## Directions for this task
An exact, complete copy of the entries is needed, with the pictures left out.

'''

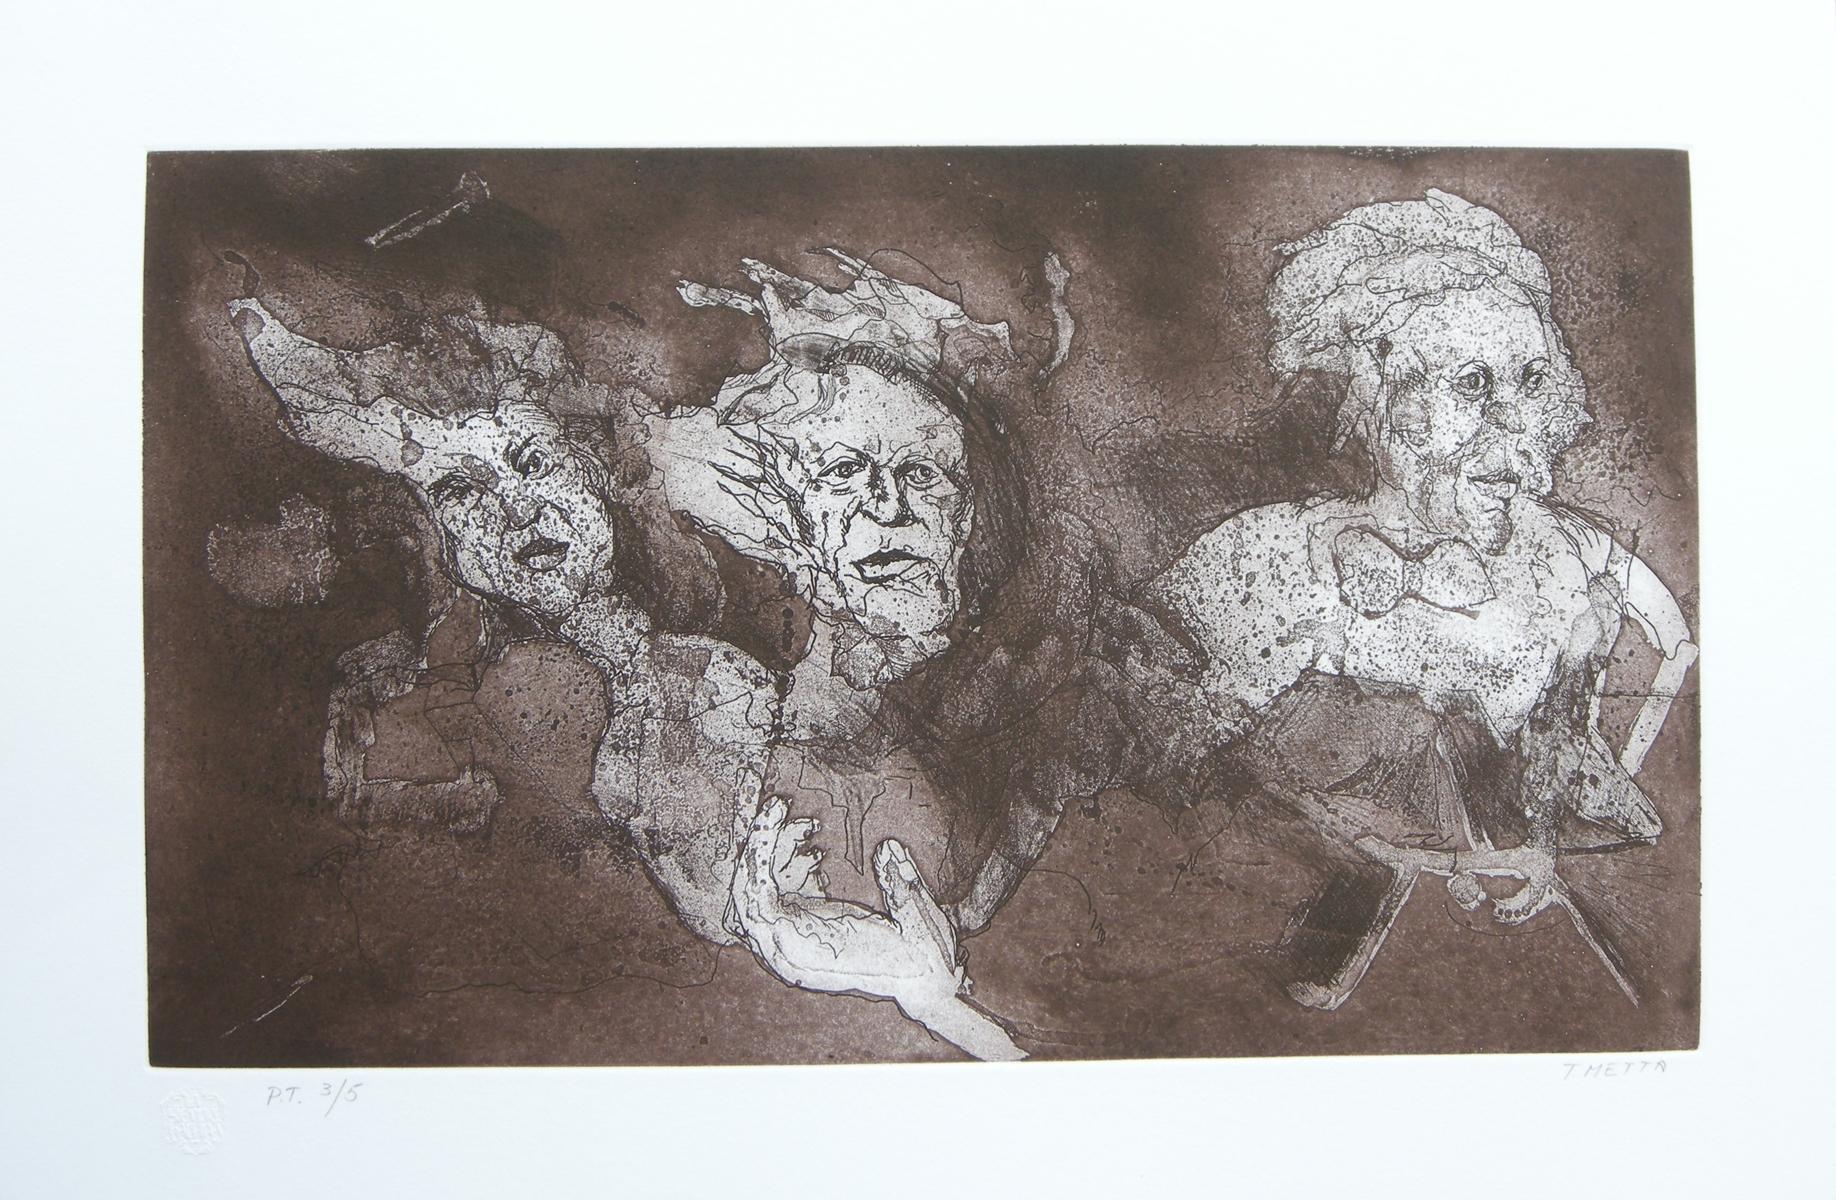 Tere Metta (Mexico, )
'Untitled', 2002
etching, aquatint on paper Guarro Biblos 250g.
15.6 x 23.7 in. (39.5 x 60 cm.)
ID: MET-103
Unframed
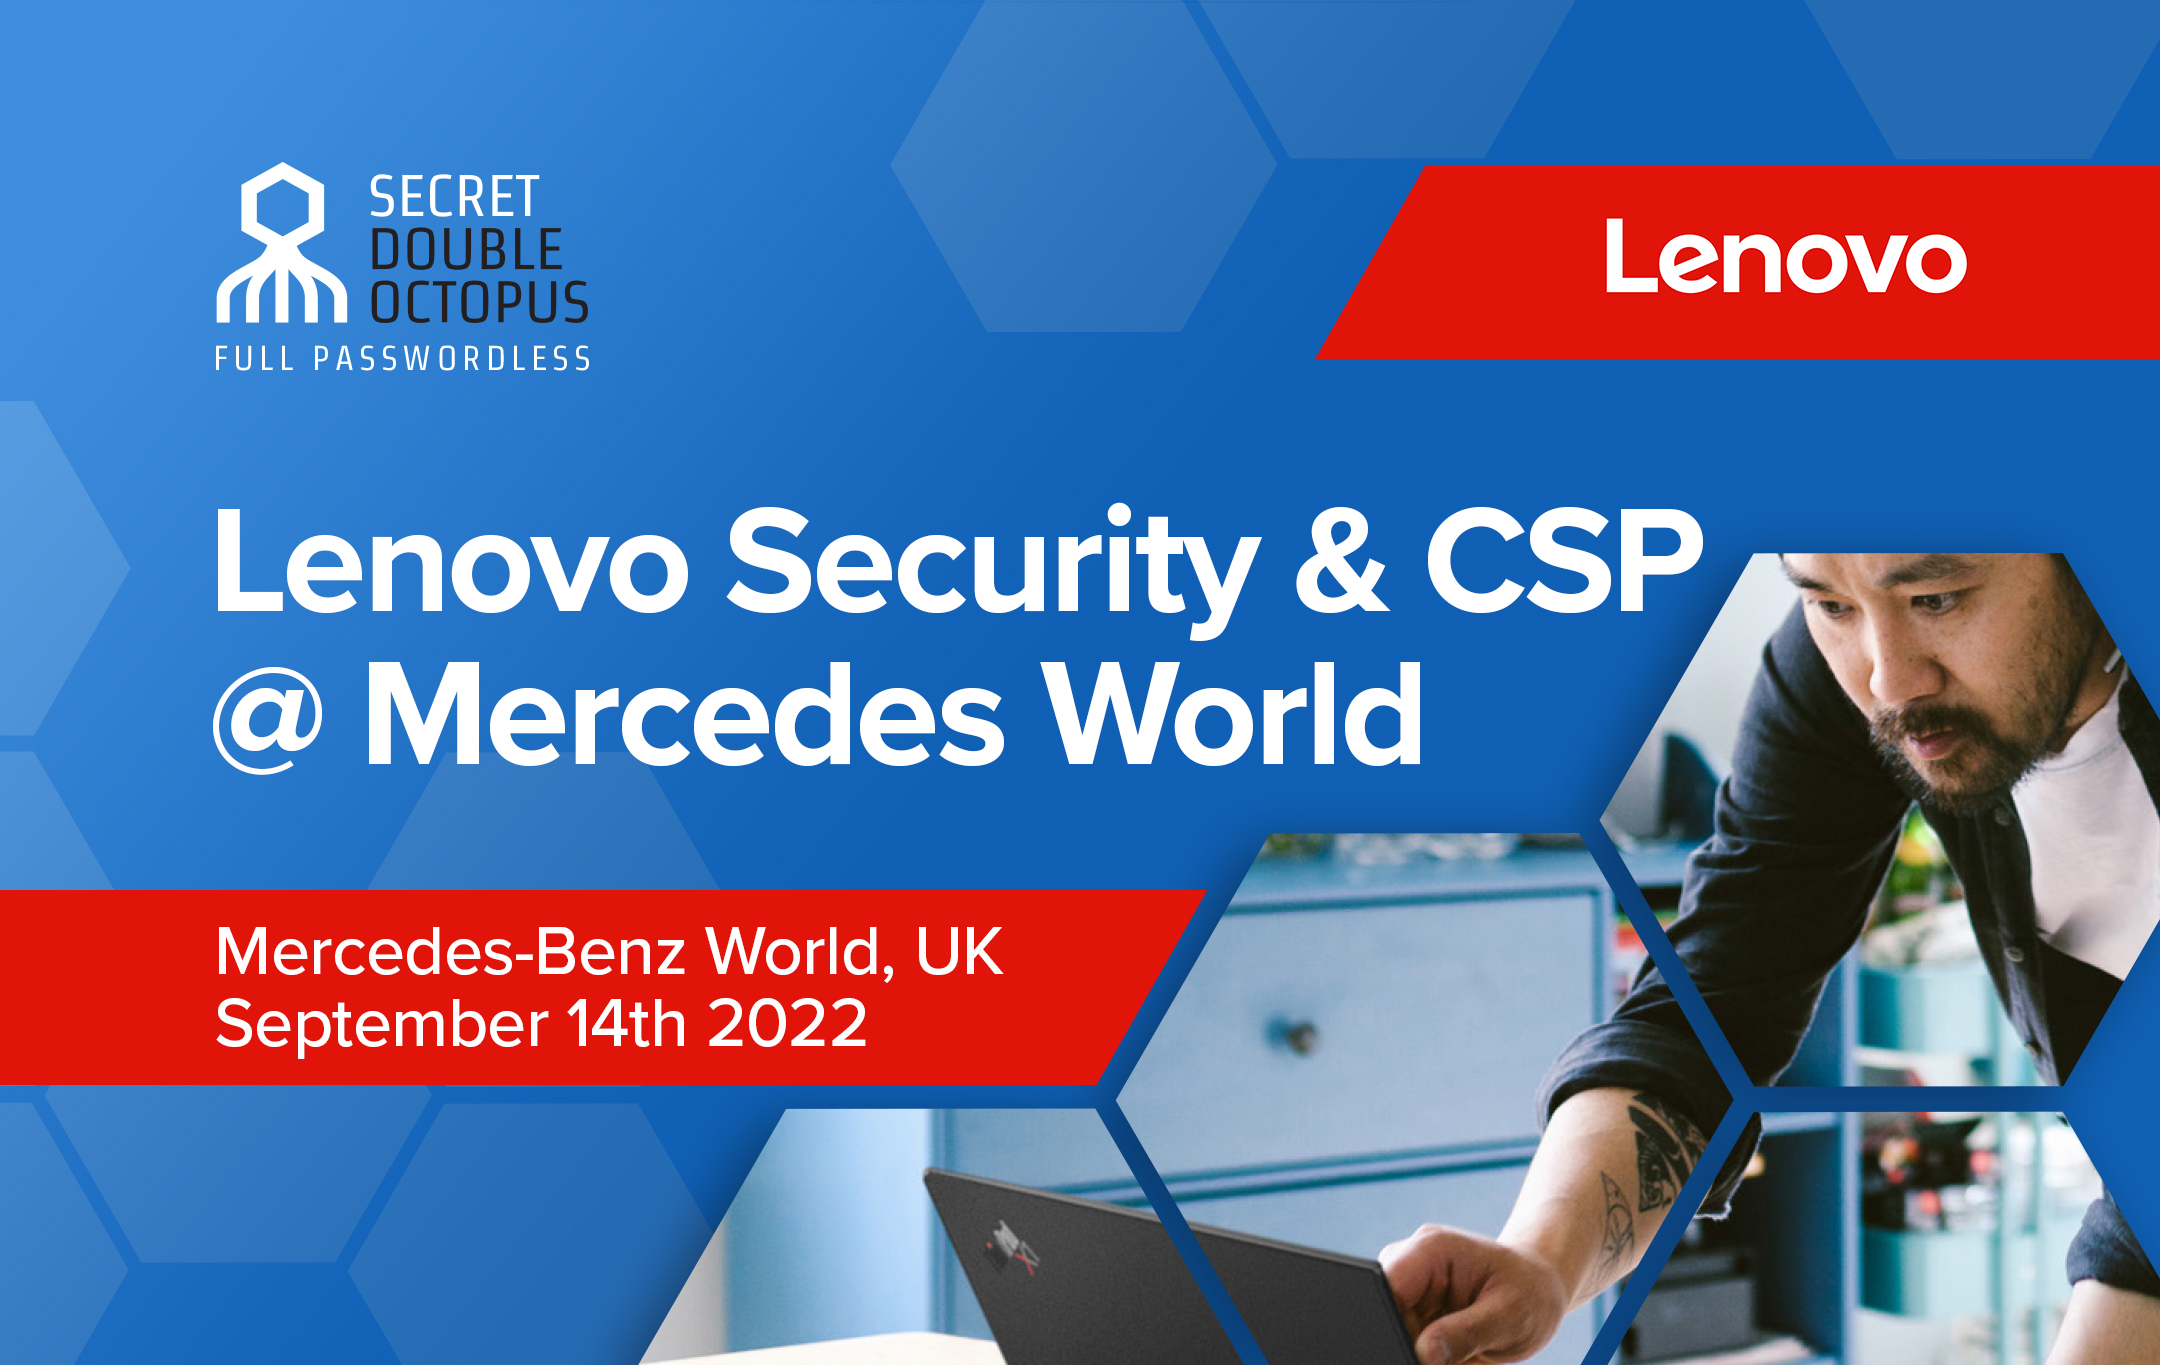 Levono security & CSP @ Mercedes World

'''

## Answer
 Tere Metta (Mexico, )
'Untitled', 2002
etching, aquatint on paper Guarro Biblos 250g.
15.6 x 23.7 in. (39.5 x 60 cm.)
ID: MET-103
Unframed
 Levono security & CSP @ Mercedes World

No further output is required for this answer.